Additionally, the log is showing all the pdf text, so I assume it was correctly indexed (I indexed the pdf using the command: bin/post -c ex mydocs/CV_Juan_Jara_ultimo.pdf).

I added the "content" field to the schema, using curl:

curl -X POST -H 'Content-type:application/json' --data-binary '{
  "add-field" : {
     "name":"text",
     "type":"text_general",
     "indexed":"true",
     "stored":"false",
     "multiValued":"true"
     }
}' localhost:8983/solr/ex/schema

Do you know what could be wrong ?

All that I want to do is search a topic in my pdf and then get all results highlighted like this:

http://www.codewrecks.com/blog/index.php/2013/05/27/hilight-matched-text-inside-documents-indexed-with-solr-plus-tika/

2

2 Answers

1
votes

It is a very common and simple mistake :

"stored":"false" should be "stored":"true" for the 'content' field.

Currently all the highlighters require the field to be stored to be used [1] .

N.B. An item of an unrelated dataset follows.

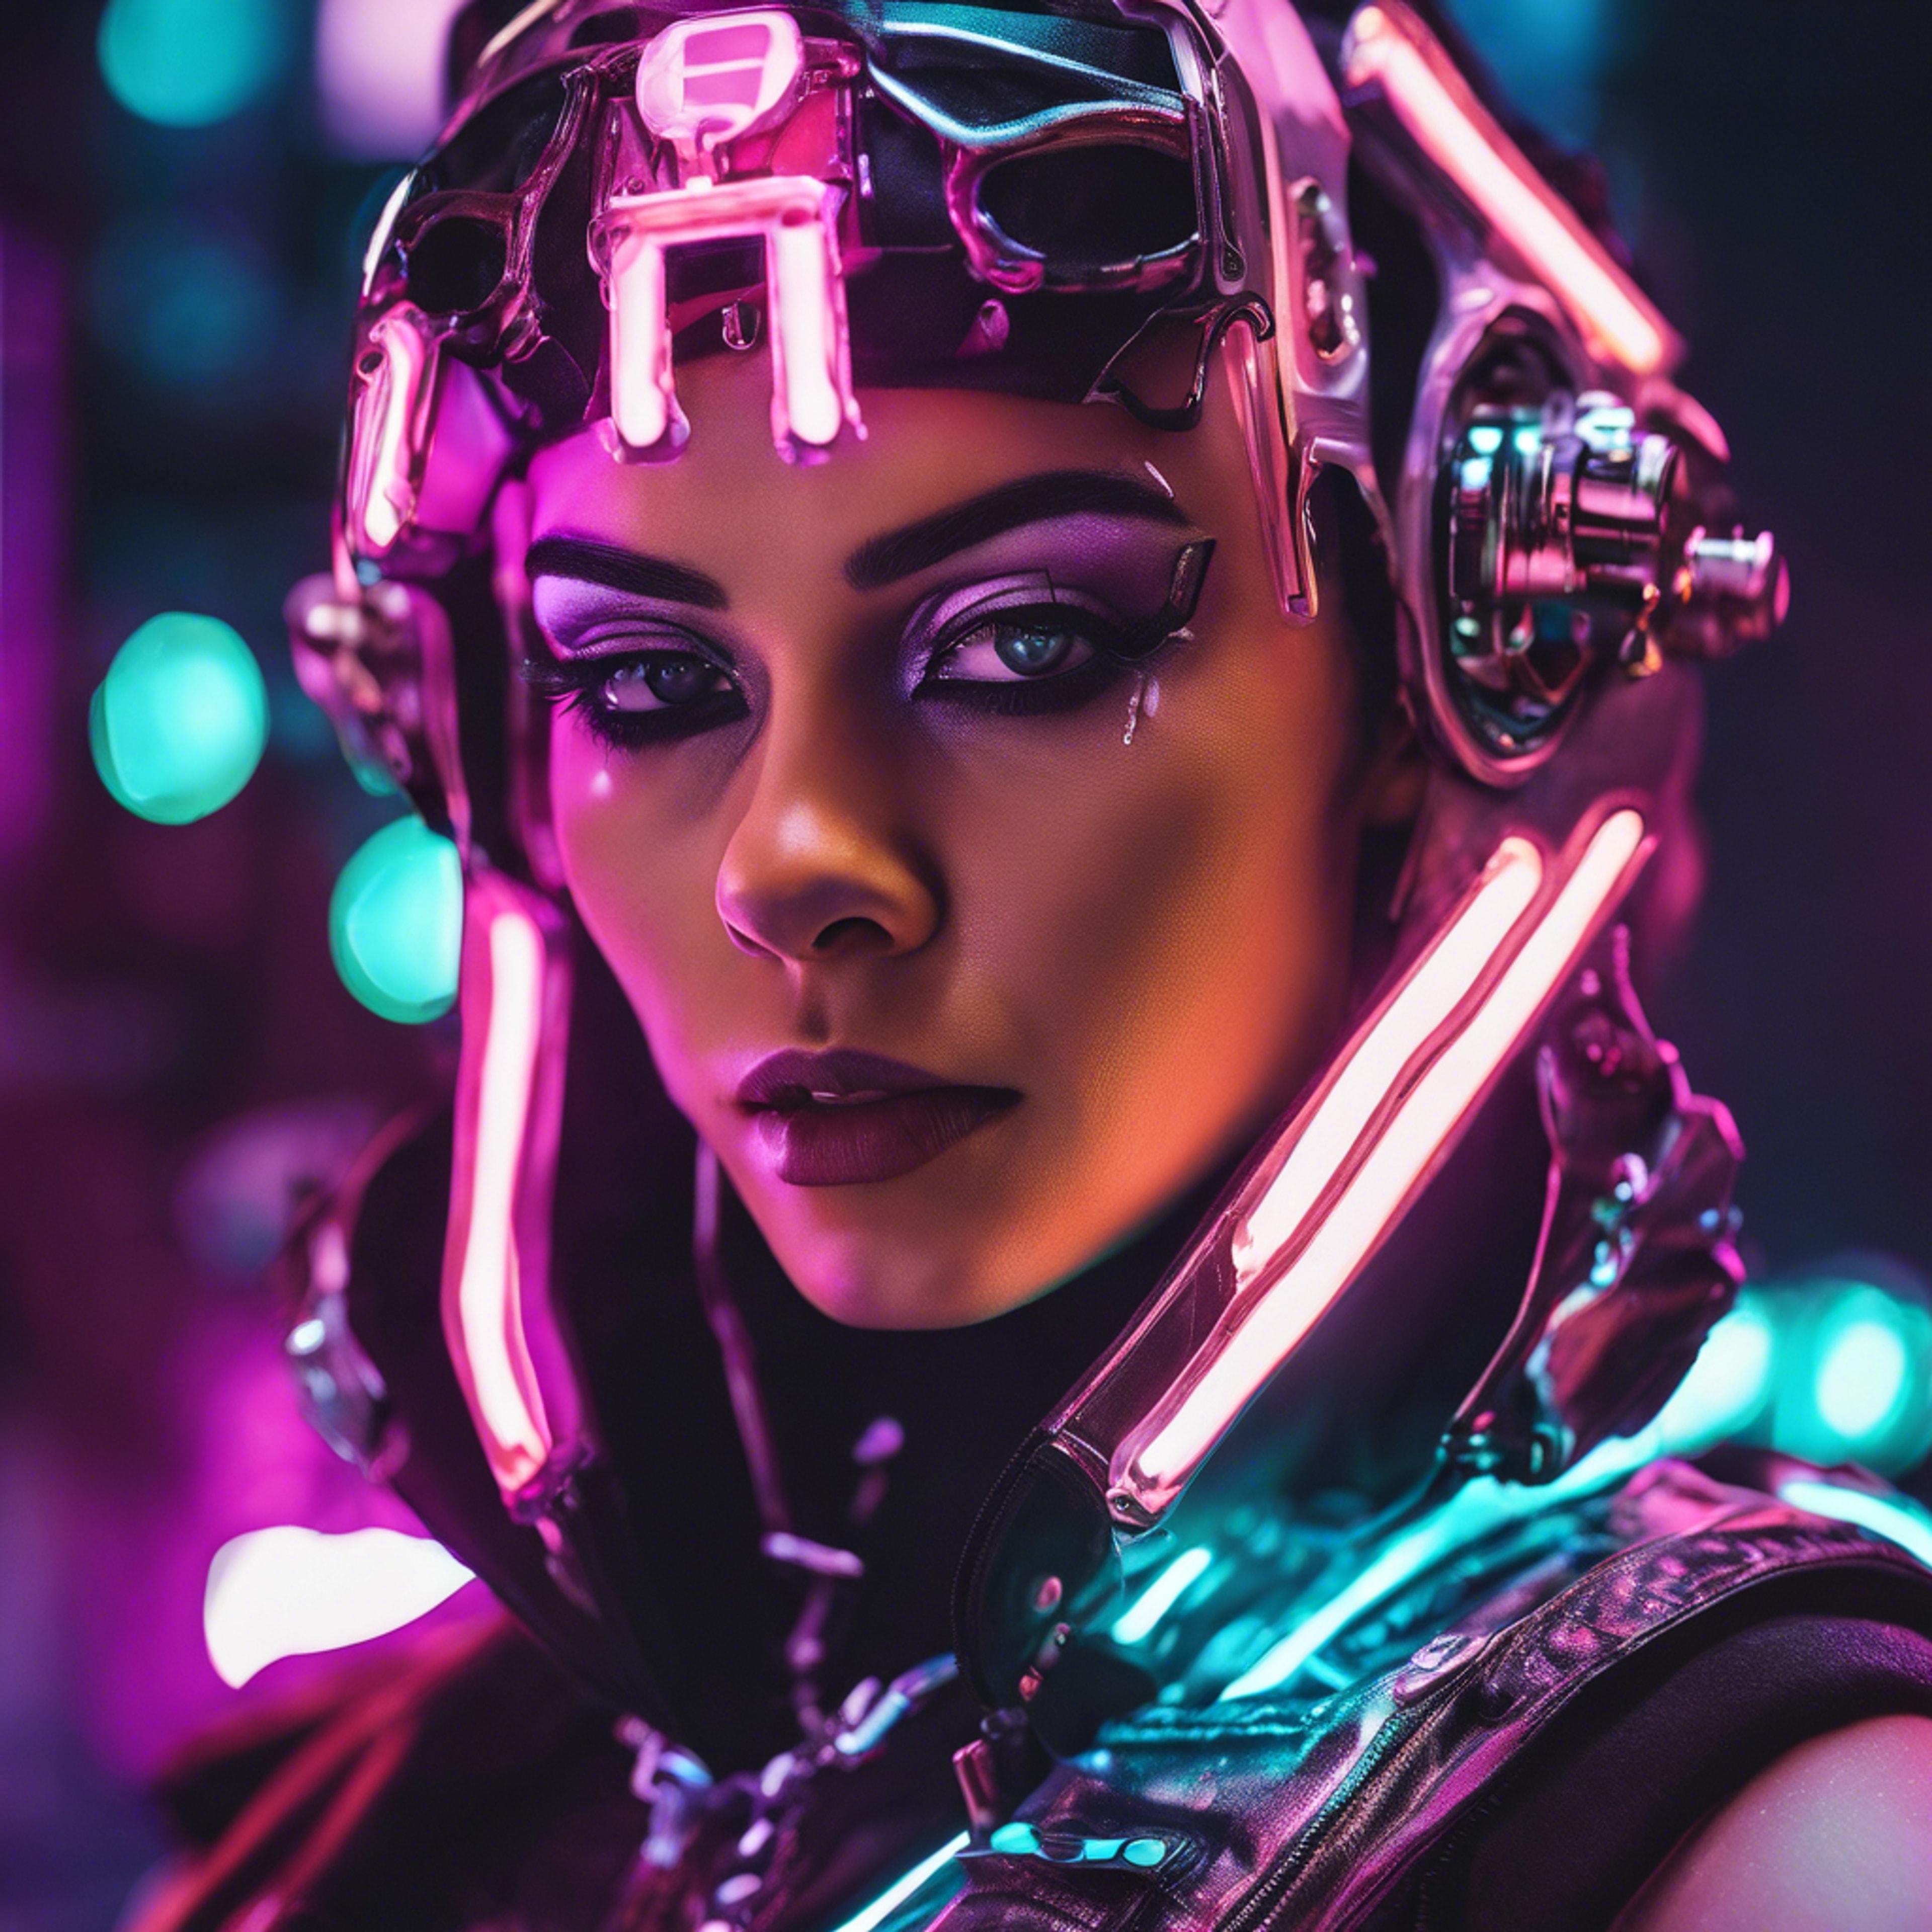 A close-up portrait of a cyberpunk baddie in neon lighting, metal piercings, and sci-fi-inspired makeup. Tapeta[9ac0123c92044077bebc]

[1] https://cwiki.apache.org/confluence/display/solr/Highlighting

1
votes

SOLVED: the solution that worked for me finally, was to replace the _text_ field in schema with this curl command:

curl -X POST -H 'Content-type:application/json' --data-binary '{
 "replace-field" : {
 "name":"_text_",
 "type":"text_general",
 "indexed":"true",
 "stored":"true",
 "multiValued":"true"
 }
}' http://localhost:8983/solr/ex/schema

This is because the _text_ field comes with "stored":"false" by default.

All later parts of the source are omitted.